Alvo não só ganhou todos os prêmios importantes que a escola oferecia, bem
como não tardou a se corresponder regularmente com as personalidades mais
notáveis do mundo da magia contemporânea, inclusive Nicolau Flamel, o famoso
alquimista, Batilda Bagshot, a renomada historiadora, e o teórico da magia
Adalberto Waffling. Vários dos seus artigos foram acolhidos por publicações cultas
como a Transfiguração Hoje, Desafios nos Encantamentos, O Preparador de
Poções. A carreira futura de Dumbledore provavelmente seria meteórica, e a única
dúvida era se chegaria a ministro da Magia. Embora futuramente se previsse com
frequência que ele estava às vésperas de assumir o cargo, Dumbledore nunca
teve ambições ministeriais.
Três anos depois de começarmos a estudar em Hogwarts, seu irmão chegou à
escola. Não se pareciam; Aberforth nunca foi dado a leituras e, ao contrário de
Alvo, preferia resolver suas diferenças com duelos em vez de discuti-las
racionalmente. É, porém, um engano insinuar, como alguns têm feito, que os
irmãos não fossem amigos. Davam-se tão bem quanto dois garotos, assim
diferentes, poderiam se dar. E, para fazer justiça a Aberforth, deve-se admitir que
viver à sombra de Alvo não pode ter sido uma experiência muito confortável. Ser
continuamente ofuscado era um risco ocupacional que acompanhava seus amigos,
e não pode ter sido muito mais prazeroso para um irmão.
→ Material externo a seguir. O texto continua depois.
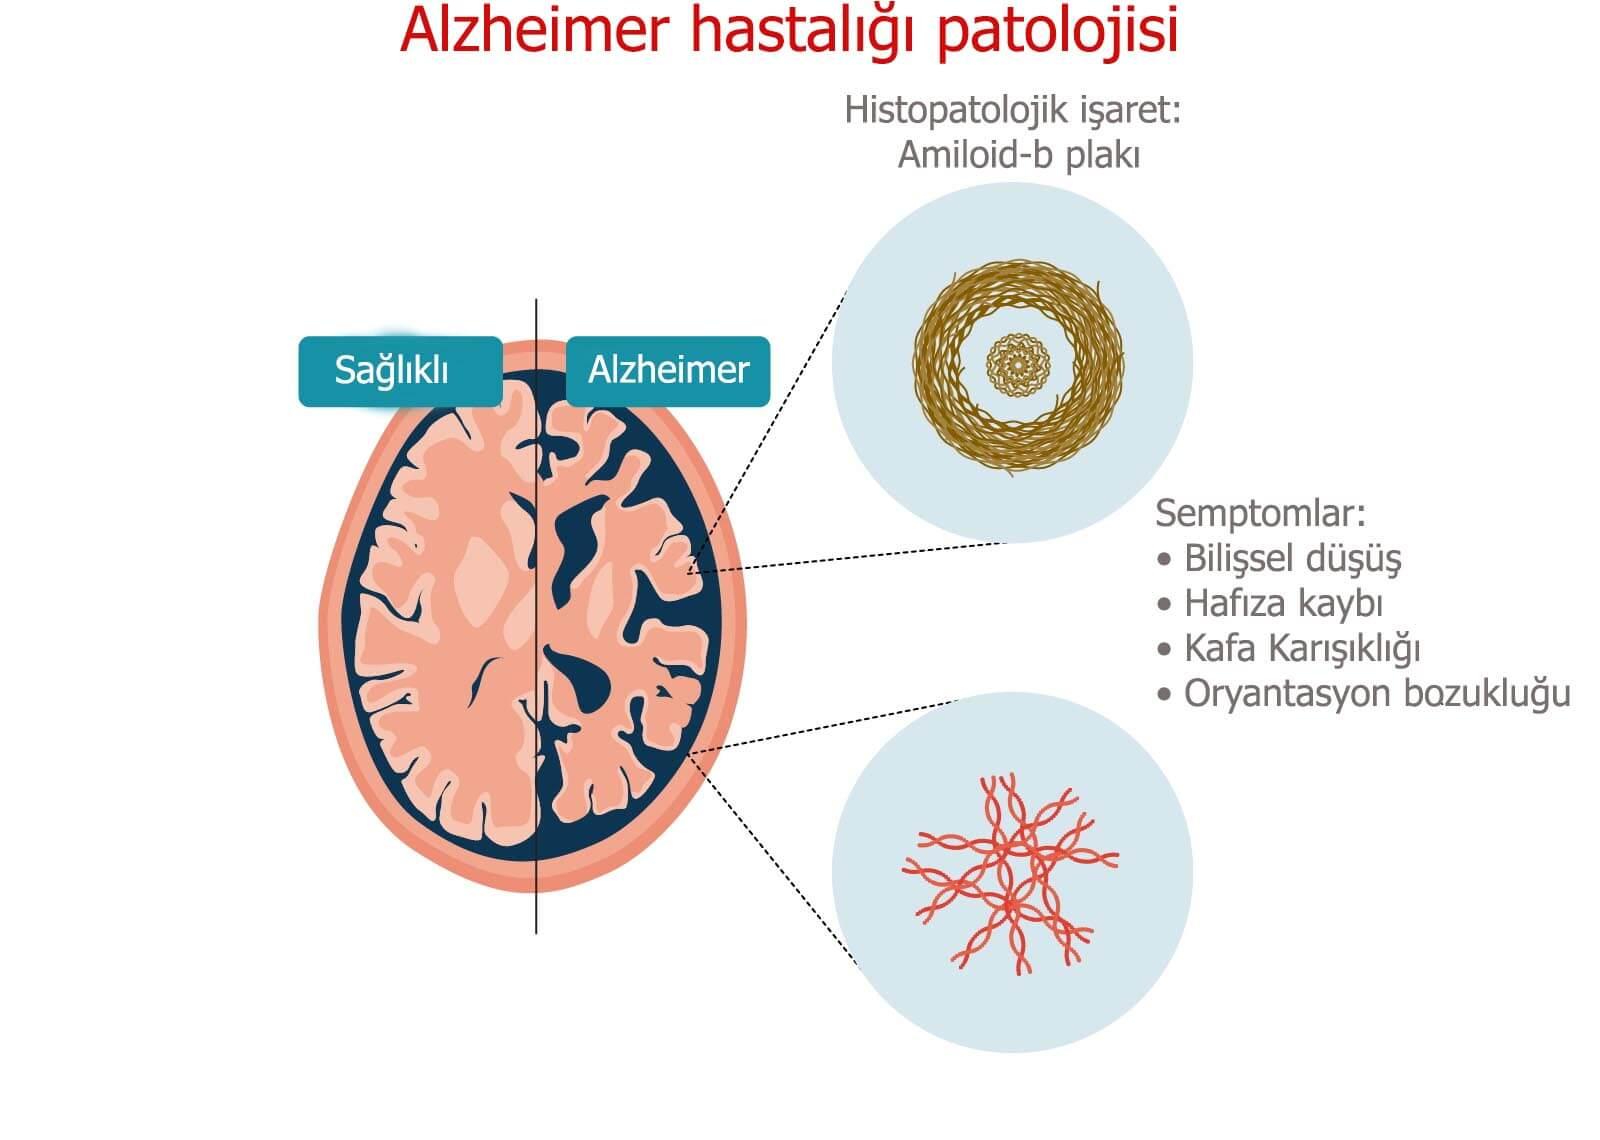 alzheimer hastalığı patolojisi

Quando Alvo e eu concluímos os estudos em Hogwarts, pretendíamos fazer
juntos a viagem pelo mundo, então tradicional, para visitar e observar os bruxos
estrangeiros, antes de seguir cada qual a sua carreira. Interveio, porém, a
tragédia. Na véspera de nossa viagem, a mãe de Alvo, Kendra, faleceu, legando
ao filho mais velho a tarefa de chefiar e sustentar sozinho a família. Adiei a minha
partida tempo suficiente para prestar as últimas homenagens a Kendra, então
iniciei a viagem, solitário. Com um irmão e uma irmã mais jovens para cuidar, e o
pouco dinheiro herdado, já não havia possibilidade de Alvo me acompanhar.
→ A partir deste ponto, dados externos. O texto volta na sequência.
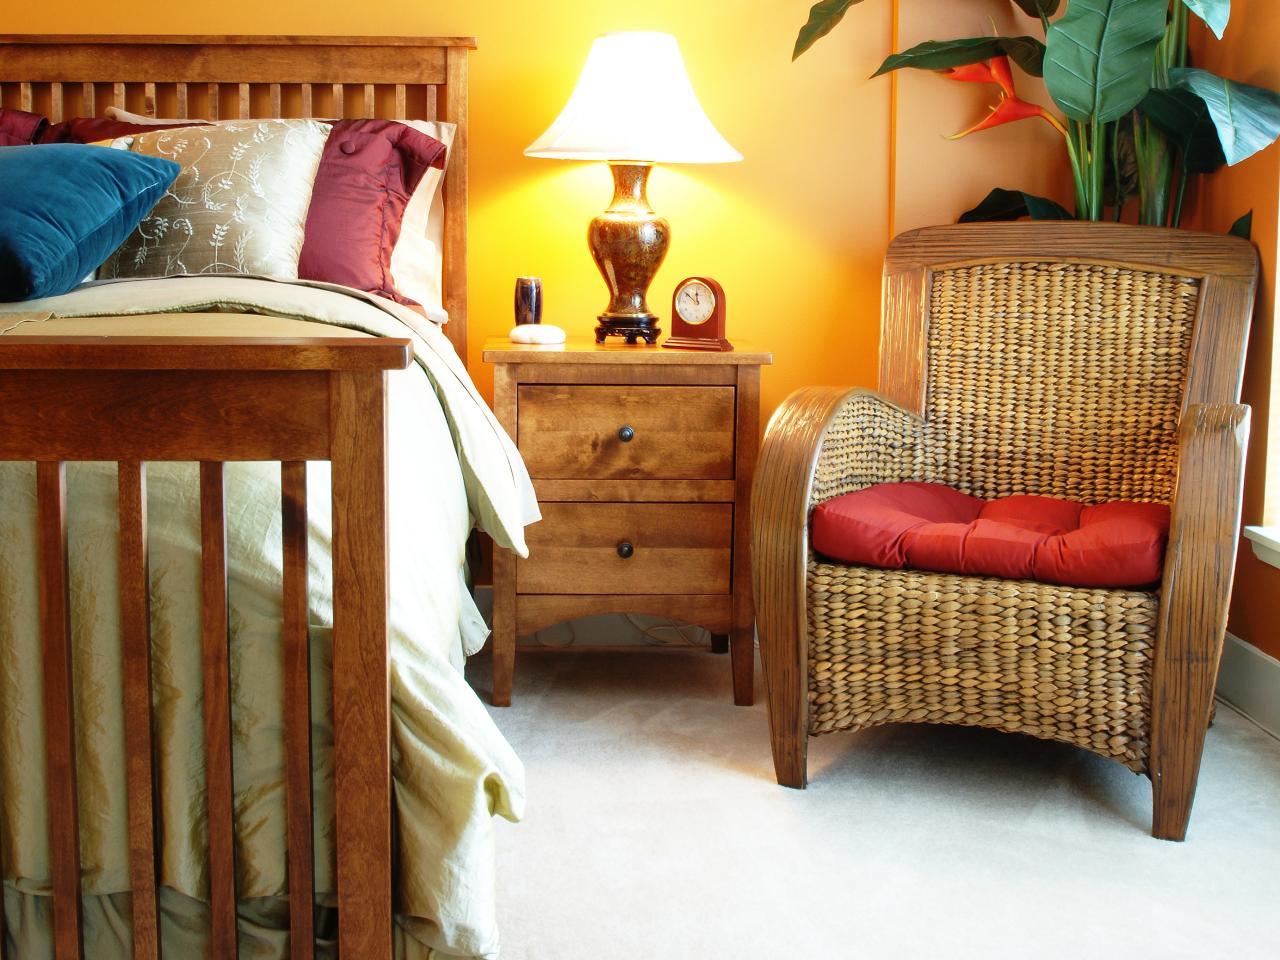 Bedroom wicker chairs

Aquele foi o período de nossas vidas em que mantivemos menos contato.
Escrevi a Alvo, narrando, talvez insensivelmente, as maravilhas da minha viagem,
desde o episódio em que escapei por um triz de quimeras na Grécia até as minhas
experiências com alquimistas egípcios. As cartas dele me contavam alguma coisa
de sua vida diária, que eu percebia ser monótona e frustrante para um bruxo tão
genial. Absorto em minhas próprias experiências, foi com horror que soube, quase
no fim do ano de viagens, que outra tragédia se abatera sobre a família: a morte
de sua irmã Ariana.
Embora Ariana não gozasse de boa saúde havia tempo, o golpe tão próximo à
morte da mãe afetou profundamente os dois irmãos. Todos os que eram mais
chegados a Alvo – e incluo-me entre esses felizardos – concordam que a morte de
Ariana e o sentimento de responsabilidade do irmão por esse desfecho (ainda que
ele não fosse culpado) marcaram-no para sempre.
Quando regressei, encontrei um rapaz que passara por sofrimentos de um
homem mais velho. Alvo tornou-se mais reservado do que antes e muito menos
alegre. Para aumentar sua infelicidade, a morte de Ariana não conduzira a uma
aproximação maior entre Alvo e Aberforth, mas a um afastamento. (Com o tempo
isso se resolveria – nos últimos anos eles restabeleceram se não uma relação
íntima, ao menos cordial.) Desde então, porém, ele raramente falava dos pais ou
de Ariana, e seus amigos aprenderam a não mencioná-los.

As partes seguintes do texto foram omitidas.